Попов кивнул, соглашаясь, что безнаказанно гулять среди нормальных людей вооруженному бритвой Фазану нельзя. Напарник расценил этот кивок как одобрение всего происходящего. Вряд ли Валера так же однозначно одобрял превращение задержанного в котлету. Но, безусловно, Фазан получил то, что заслужил.
Наметившийся после случая с Григорьевым холодок в отношении к Клинцову прошел, но что-то удерживало от окончательного сближения, хотя сержант явно стремился к дружбе.
— Мы в одном экипаже, значит, должны быть словно братья, — втолковывал он, как из двустволки целясь круглыми, глубоко посаженными глазами. — Будем заодно — нам и эти не страшны, — он кивнул на темную улицу. — И те!
Палец Клинцова многозначительно ткнулся в железный потолок УАЗа.
— У них там своя сцепка, у наших начальников, прокуроров да судей. Они друг друга в обиду не дают! И нам надо вот так держаться, — Клинцов намертво сцепил крепкие пальцы. — Тогда ни на ножи не поставят, ни в камеру не бросят!
Постепенно Попов понял, что настораживает в напарнике: насилие для Клинцова было не способом сломить зло, а самоцелью. Умелые, тренированные кулаки с одинаковой яростью обрушивались на доставшего нож грабителя и на безобидного пьянчужку, замешкавшегося при посадке в «собачник».

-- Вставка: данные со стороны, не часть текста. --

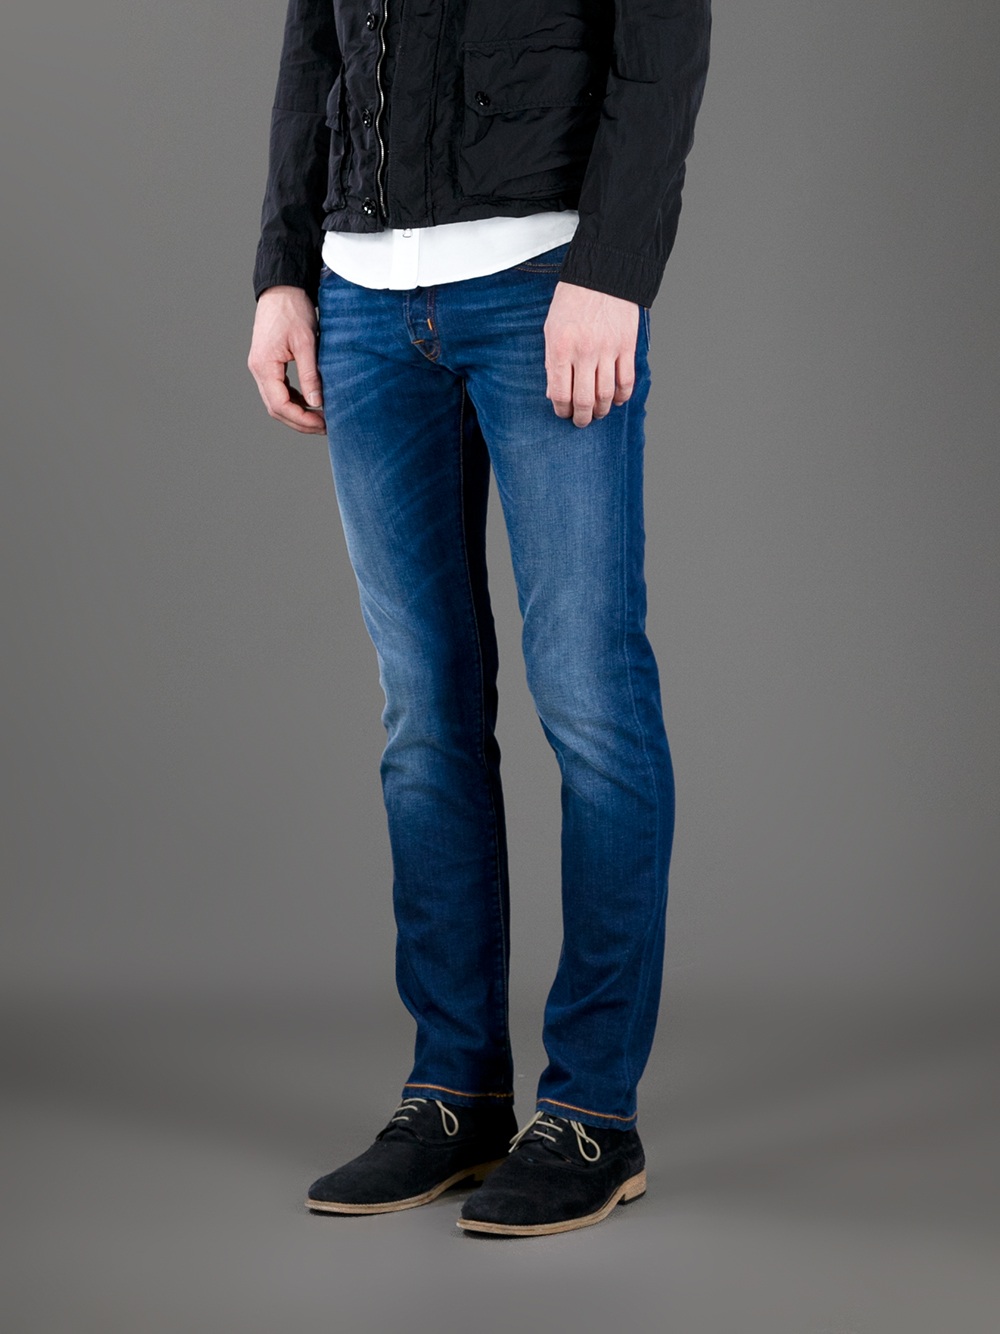 jacob cohen skinny jeans mens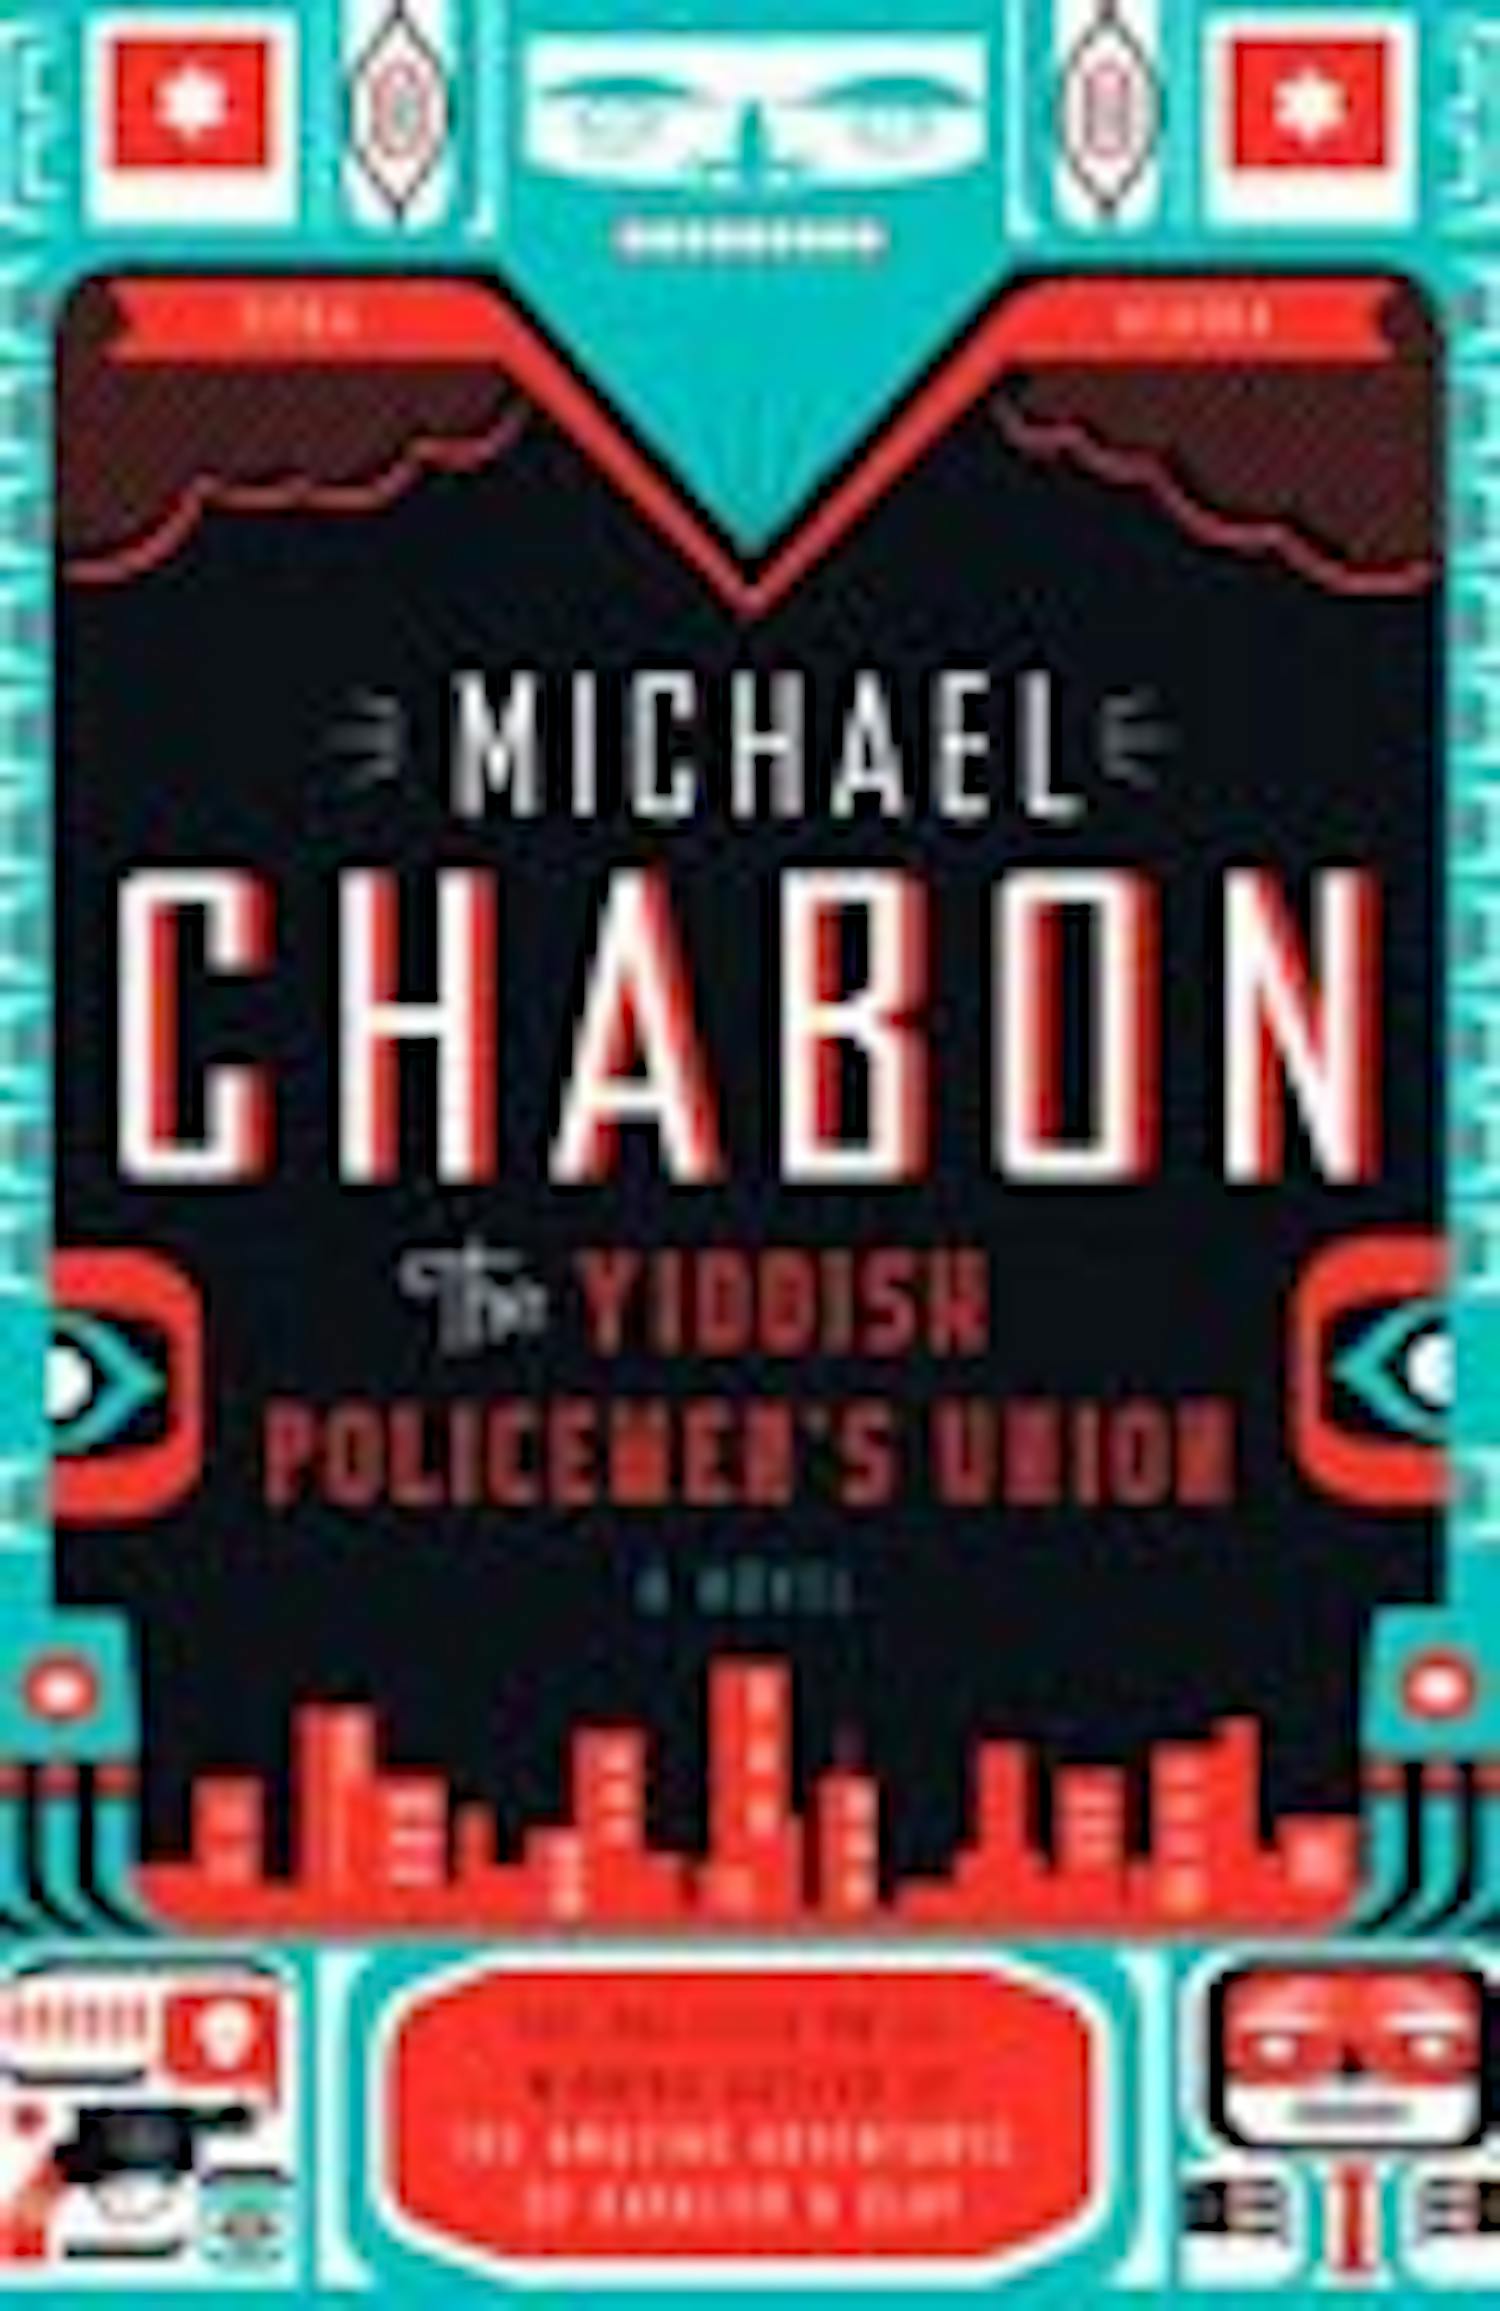 Oy Vey: Chabon putzes around with 'Policemen's Union'

И еще: Клинцов уклонялся от поиска «по горячим следам» потому, что не умел думать за преступника и, что злило больше всего, не хотел учиться, предпочитая избегать сложной работы или выполнять ее кое-как, для отчета. Больше всего он любил подкатить к ресторану перед закрытием и «разбираться» с пьяными. Попов понял, что в такие минуты сержант любуется собой: сильным, властным, могущественным, перед которым заискивают мужчины, которого упрашивают женщины, который может решить как захочет: отпустить или задержать, прочесть нотацию или сдать в вытрезвитель, обругать или «замесить» в темном чреве УАЗа.